=== YOUR ASSIGNMENT ===
Print the data exactly. Pictures stay out.

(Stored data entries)
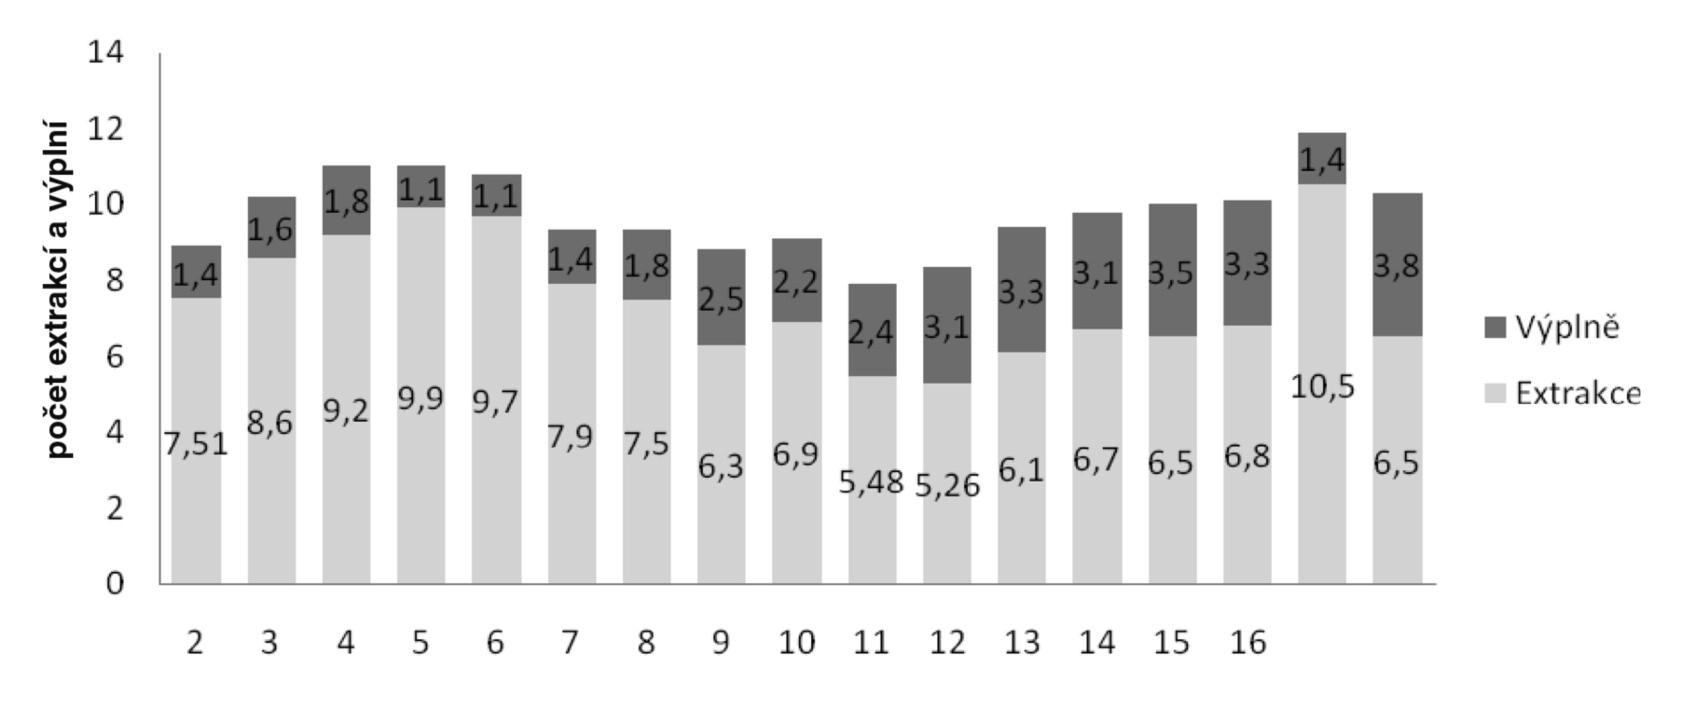 Počet extrakcí a výplní na jednoho pacienta daného věku – Hendikepovaní pacie
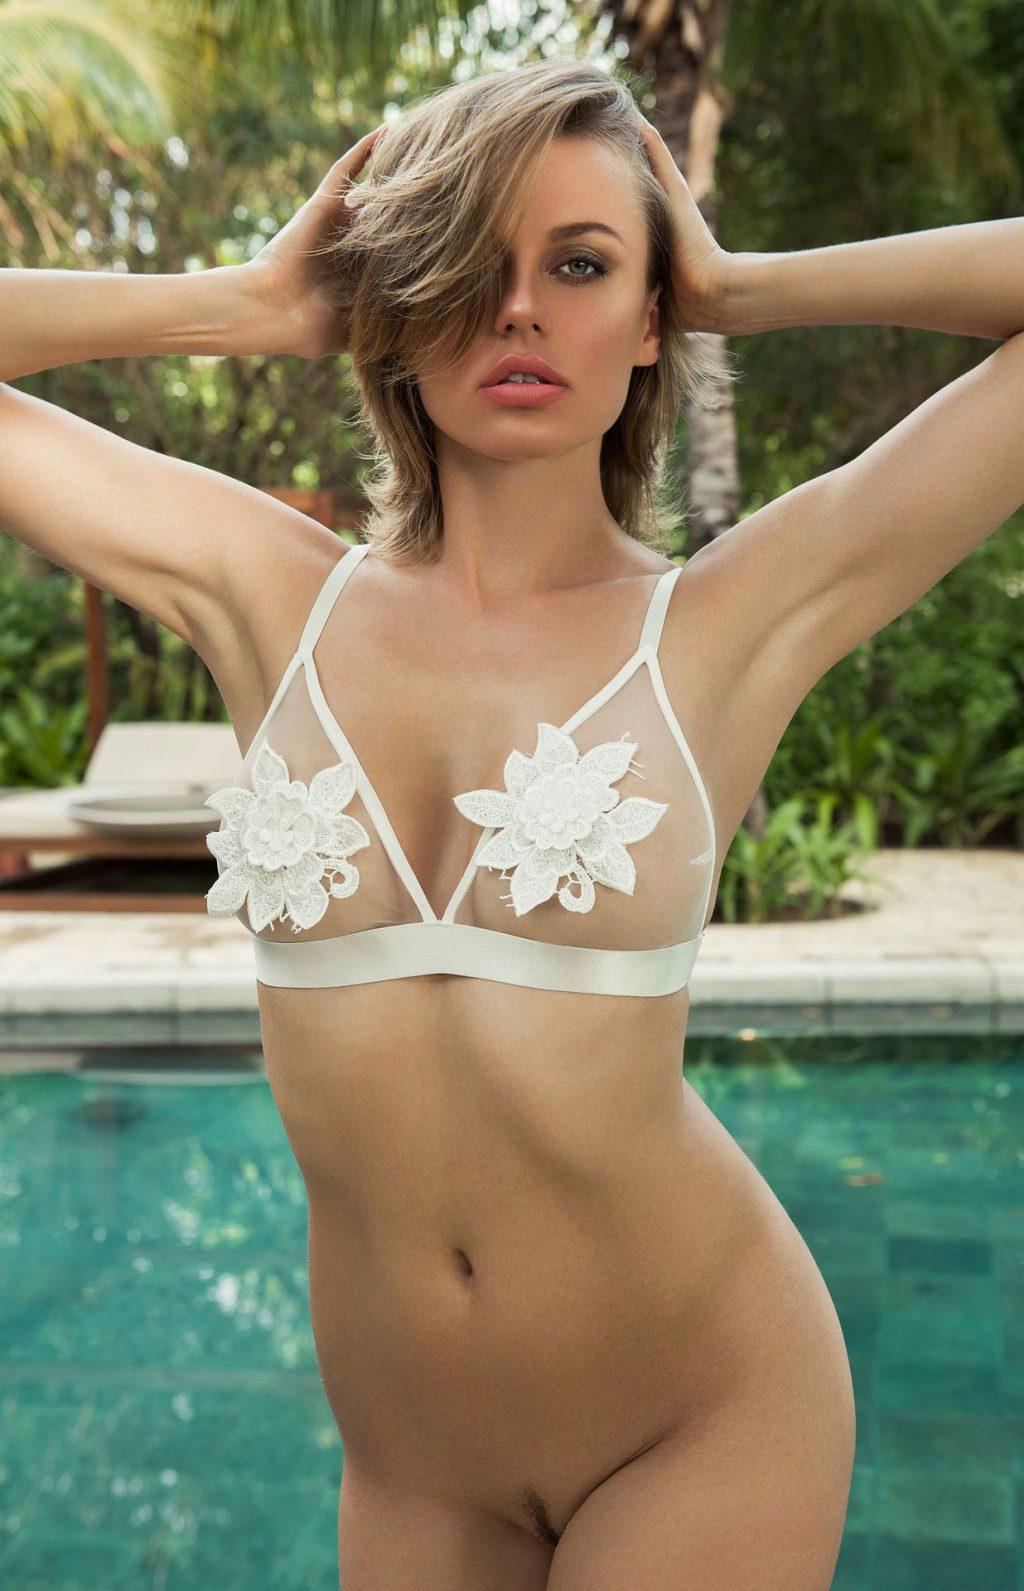 Olga de Mar Nude (13 New Photos)
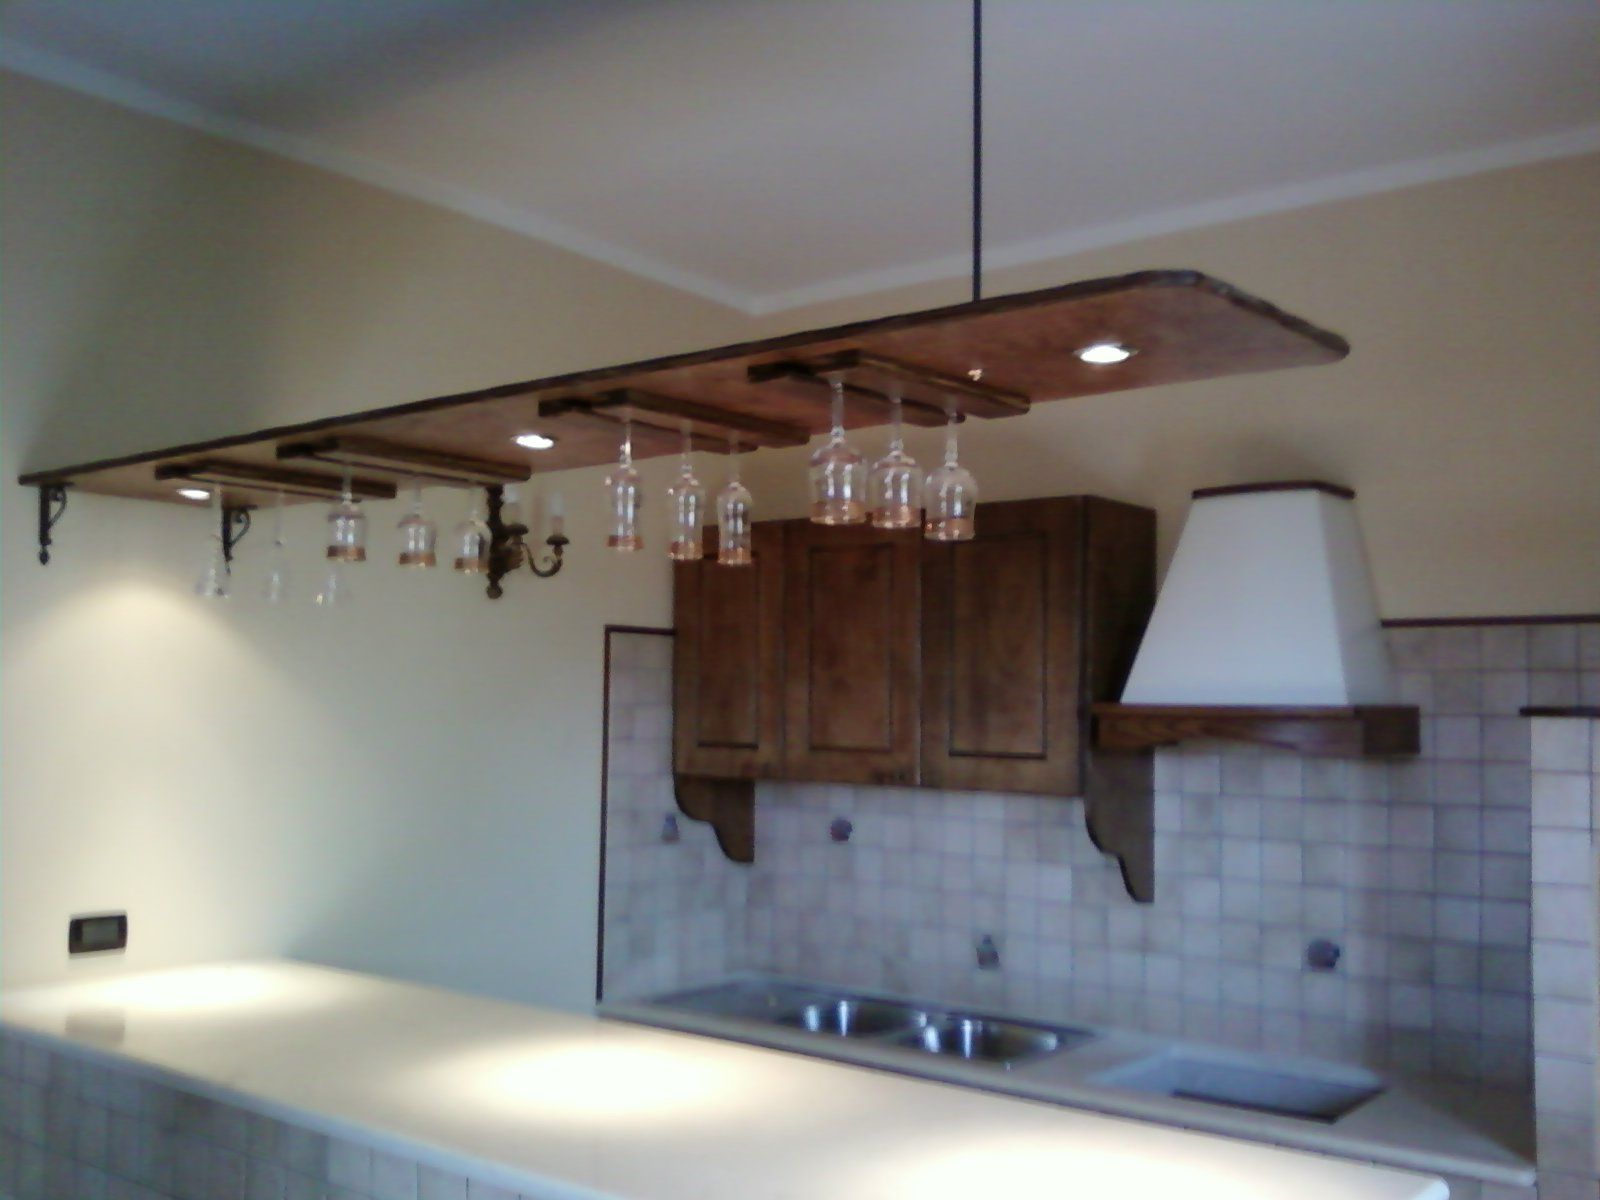 Cucine ad angolo fai da te : cucina in muratura ad angolo fai da ...
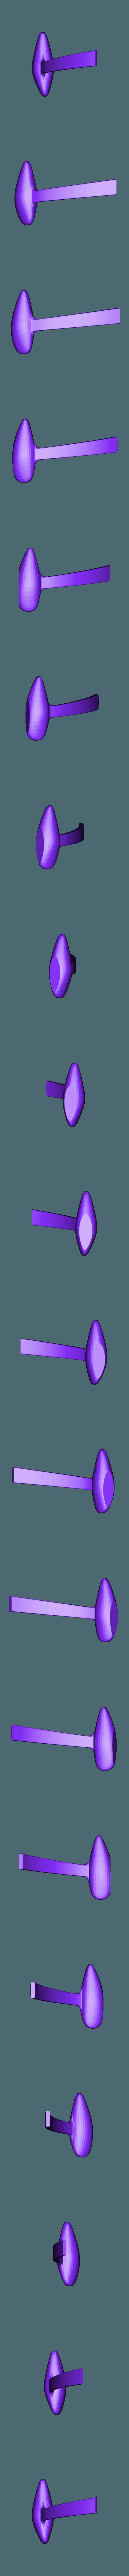 tren_Izq.stl Download STL file Rutan Long EZ • 3D print design, Nico_3D
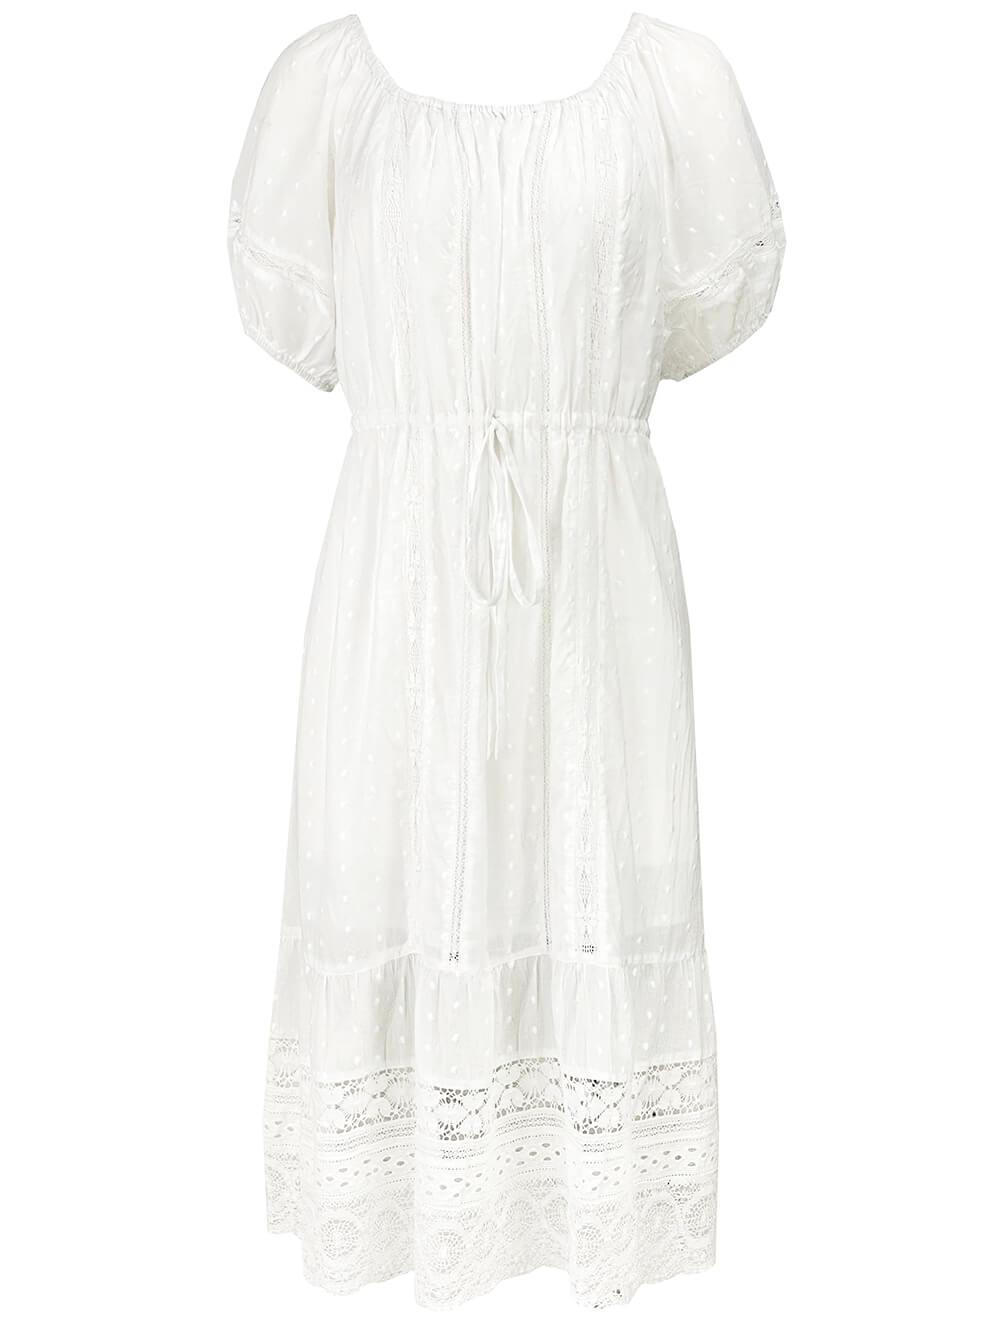 Adalyn Peasant Dress

=== EXERCISE RESULT ===
 Počet extrakcí a výplní na jednoho pacienta daného věku – Hendikepovaní pacie
 Olga de Mar Nude (13 New Photos)
 Cucine ad angolo fai da te : cucina in muratura ad angolo fai da ...
 tren_Izq.stl Download STL file Rutan Long EZ • 3D print design, Nico_3D
 Adalyn Peasant Dress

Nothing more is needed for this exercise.